I went to my desk, snatched the phone off the hook, and said, “Mick?”

“Jack. This is a heads-up. Call your lawyer.”

“What happened?”

“Tandy and Ziegler found your gun.”

His words were like a fastball to the gut. I felt sick. I lost focus. My mind skipped over the events of the past three days as I tried to make sense of what he was saying.

Words came out of my mouth. “Found it where?”

“In your front yard. Buried under a vine.”

“ Planted, you mean. I reported it missing the night Colleen was killed.”

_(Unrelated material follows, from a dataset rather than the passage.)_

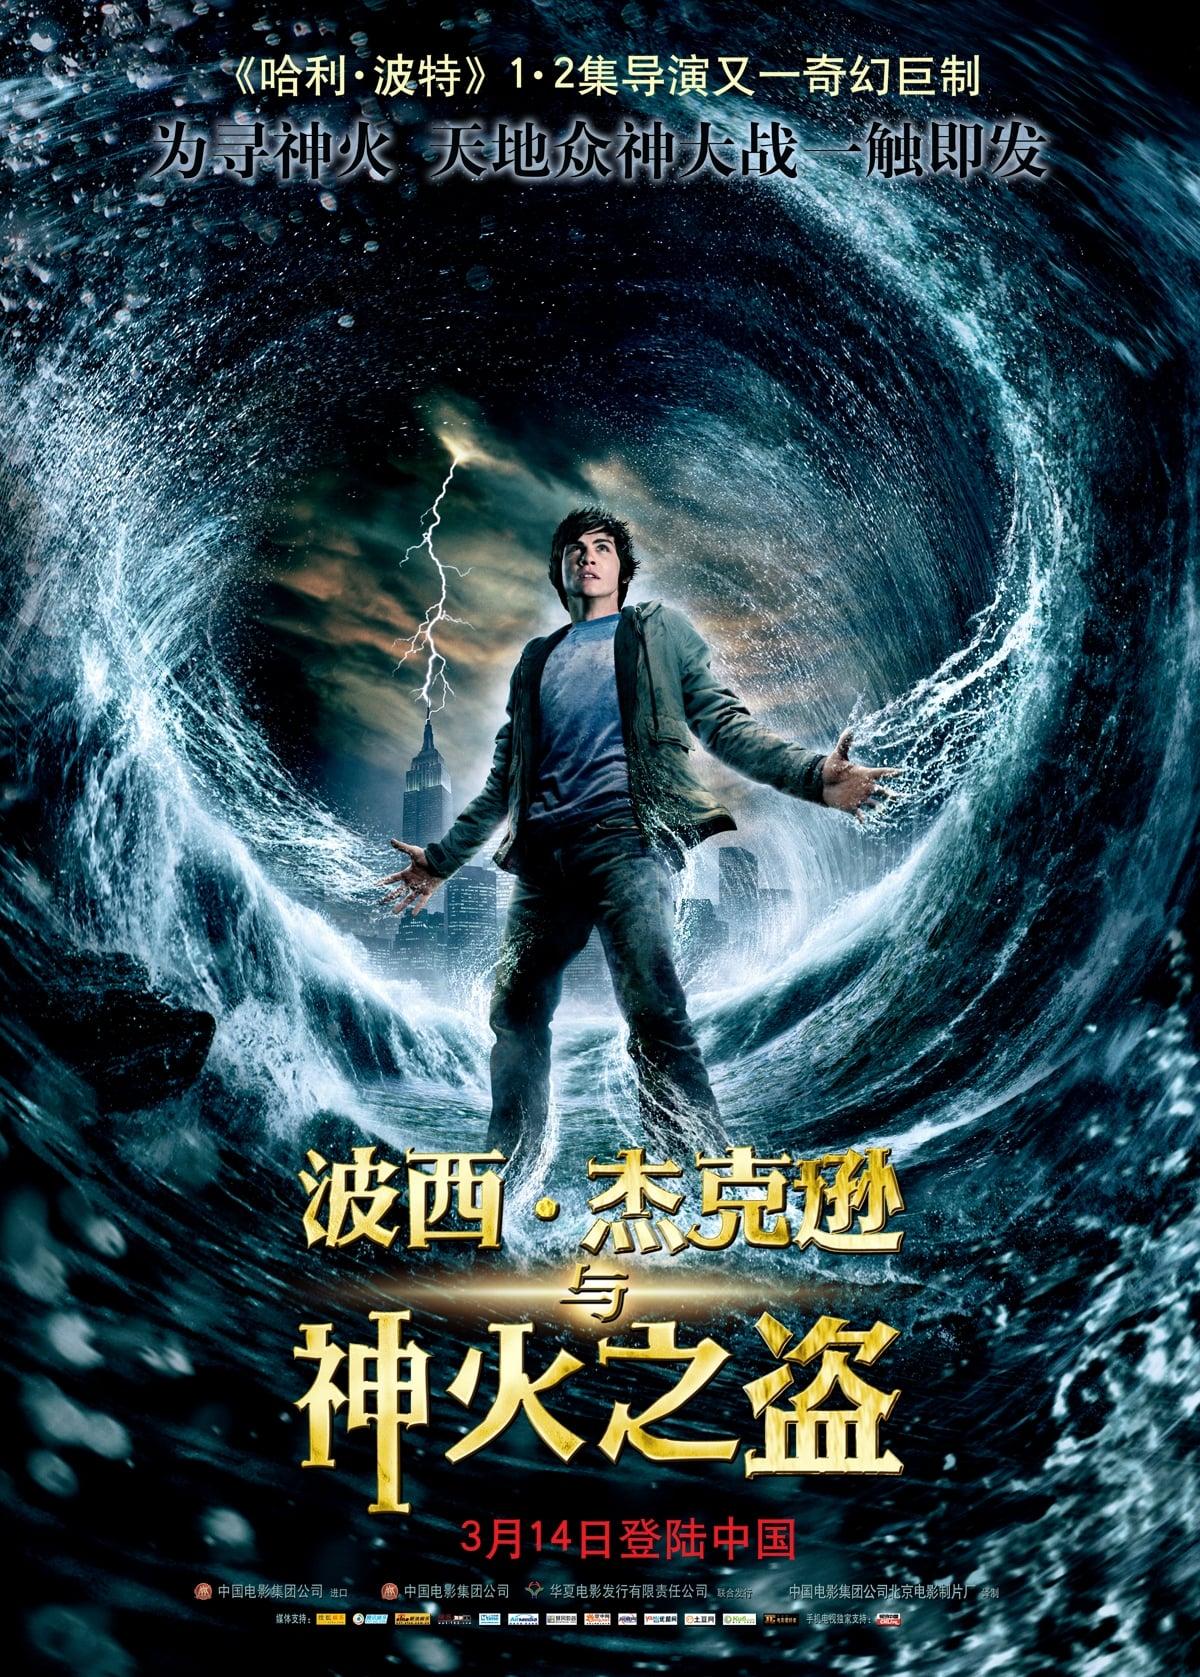 Percy Jackson Film Stream

“I understand that, Jack. Fact is, it’s your gun, a custom Kimber, registered to you. Your prints are on it.”

“Only my prints?”

“Yes.”

I sat down. Cody brought in my Red Bull, set it down on a coaster that he positioned just so. It took him a little too long to leave. I stared at him until he exited and closed the door behind him.

“Jack?”

“I’m still here, Mickey. Say again. Where exactly did they find the gun?”

“Under some mulch, just inside your gate. Your Kimber is a. 45, same caliber as the slugs that killed Colleen Molloy.”

“The killer used gloves,” I said. “That’s why only my prints are on the gun. He left it where the cops would find it.”

“I hear you. Ballistics is running a comparison now,” said my friend the police chief, not committing himself. I pictured him: a big man, six-four, wide smile, me standing with him and Justine six months ago, cameras flashing and Mickey Fescoe thanking us for catching a killer.

He’d certainly trusted me then.

Fescoe’s voice softened. “Are the slugs taken from the victim a match to your gun, Jack?”

“Maybe. Probably. I still didn’t kill her. If I wanted to get rid of my gun, would I actually be that dumb? Mick. I’m asking you. Would I really bury the murder weapon outside my front door?”

“Call your guy Caine. Do what he tells you.”

“Thanks for calling, Mick.”

“No problem. Don’t leave town.”

“I’m staying at a nice hotel. Got everything I want right there.”

“Are you okay?”

“What? Sure. I’m okay for a guy who is being set up to take the rap for a murder I didn’t commit. I’m absolutely fine.”

“I’ll take you out to dinner when this is all over,” Fescoe said.

I told him it was going to be a pricey meal.

Cody came in again as I hung up. He said, “Sorry,” went behind me, turned on my computer, and called up my schedule.

I stared at it blindly.

Cody said, “We’re all set up in the conference room, Jack. Meeting starts in fifteen minutes.”

CHAPTER 53

A chasm opened between my thoughts and my perceptions. Everything outside myself-people walking past me in the hallways, my phone ringing in my pocket, laughter coming up from the stairwell-all of that seemed far, far away, having no relationship to me at all.

I crossed the floor, opened the conference room door, saw a circle of twenty-five men and women seated around the table, all partners in Private Investigations Worldwide, all here for our biannual operations meeting.

I knew every one of the people sitting at the table. Had been to some of their weddings, stayed in some of their homes.

They expected me to reveal plans. Make decisions. They expected me to lead.

But I wanted to be anywhere but here. Nearly all of the twenty-five had been in the military, the law, or law enforcement before they’d joined Private. I knew that when the shock burned off, I wasn’t going to be able to hide my rising panic from these first-class private cops.

Cody took a chair behind mine, and Mo-bot, who is fluent in several languages, sat next to Cody.

All conversation stopped as I pulled out my chair and sat down. There were some greetings, smiles, twenty- five pairs of eyes locking in on my face.

The unspoken question floated overhead in twenty-five thought balloons.